IMF Special Drawing Rights (SDRs)
In line with its mandate, the IMF focuses on the macroeconomic, fiscal, and financial challenges of climate change, and not on actual mitigation or adaptation policies. However, the Fund does have a mandate to assist low‐income countries develop and grow, and therefore an indirect mandate to help them tackle the challenges of climate change. The Fund also promotes understanding of the challenges the international community faces in designing effective fiscal policies to tackle climate change, by publishing research papers and taking account of climate change in its global forecasting.

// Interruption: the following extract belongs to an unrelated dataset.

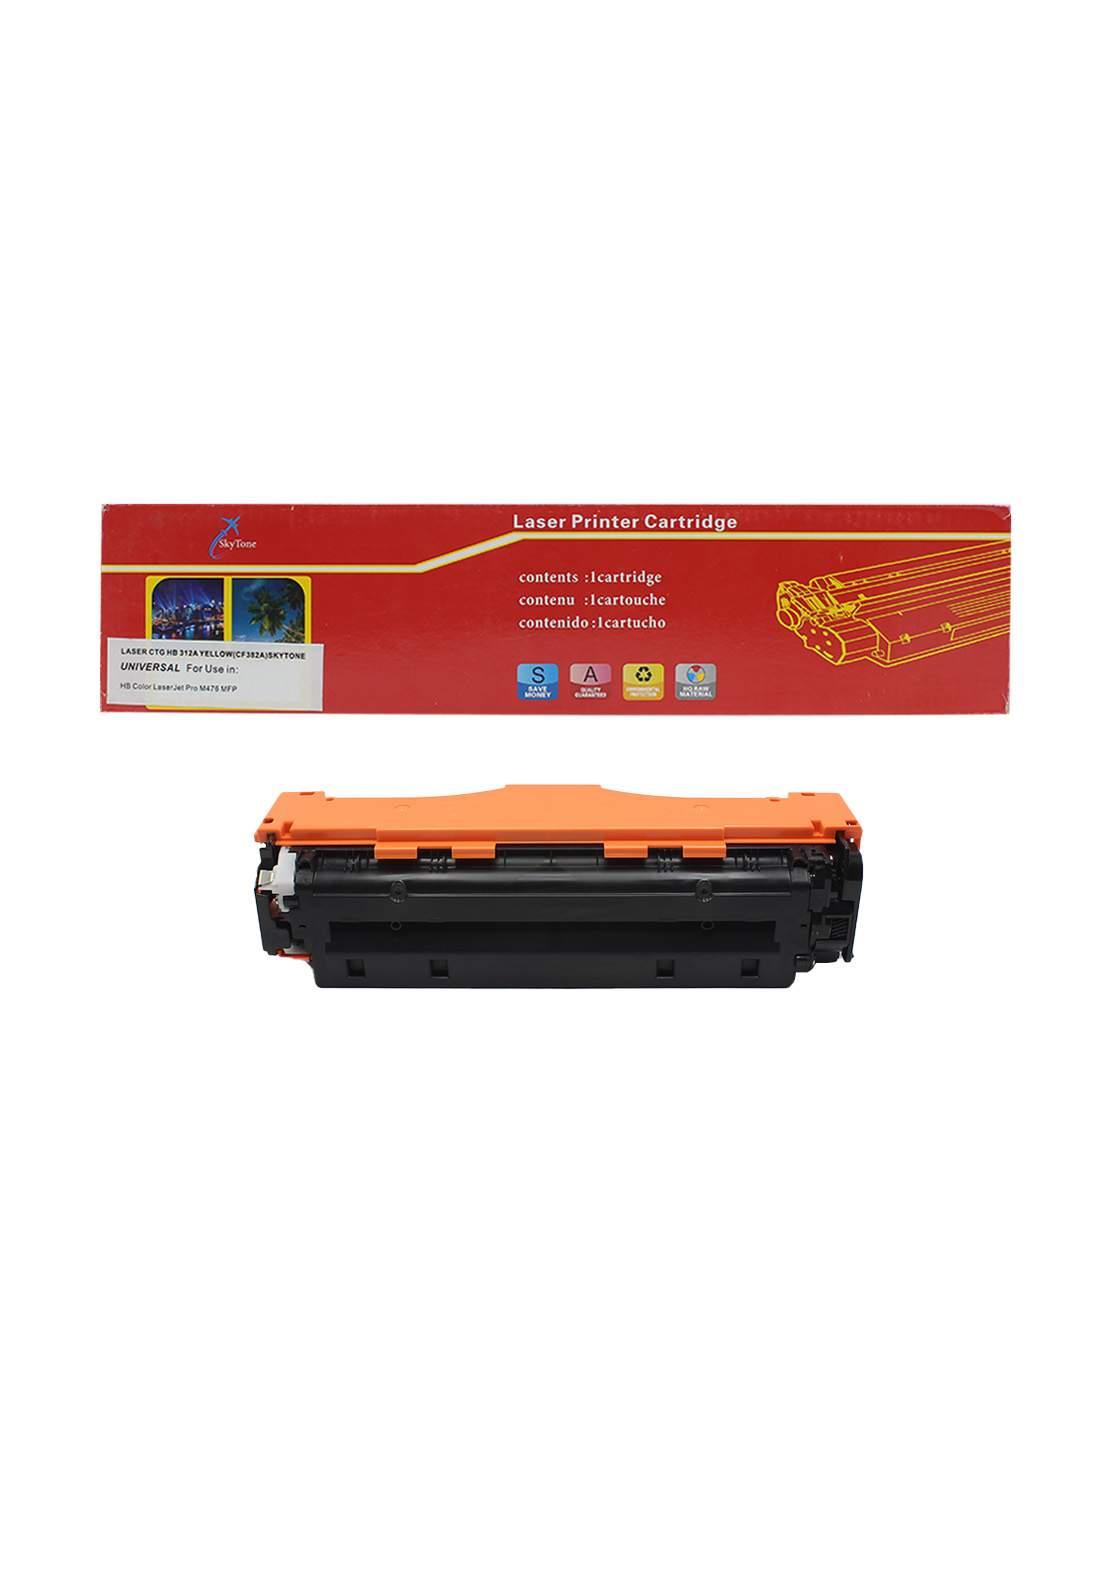 SKYTONE CTG HP 312A (CF382A) Laser Printer Toner Cartridge خرطوشة حبر

SDRs are issued by the IMF to its member countries as a way of increasing the insurance offered by their own reserves. SDRs worth more than US$ 280 billion were issued during the economic crisis in 2009 and are now held by member countries on their balance sheets. The IMF and George Soros have suggested two proposals ‐ i) that member countries could provide SDRs to a US$ 100 billion climate fund or ii) that bonds could be issued guaranteed by SDRs. In both approaches, the funding raised could be provided as loans at concessional rates to finance developing country low carbon infrastructure investments. As the SDR is not a freely usable currency itself, these proposals raise a number of a number of design and financing questions, including how to ensure liquidity of the SDRs to support their core role as an international reserve asset, how to concessionalise the lending, who should own the default risk, and what the public expenditure implications could be.
Foreign Exchange Reserves
Proposals exist to facilitate enhanced deployment of existing national foreign exchange reserves. Many countries have established Sovereign Wealth Funds to hold and invest reserve holdings, but these resources are not used as efficiently as they could be. There is already significant demand for a ‘Fund of Funds’ financed by the private sector and managed by a private Fund Manager to tackle climate change and raise substantial, longterm finance for investment in renewable energy sources.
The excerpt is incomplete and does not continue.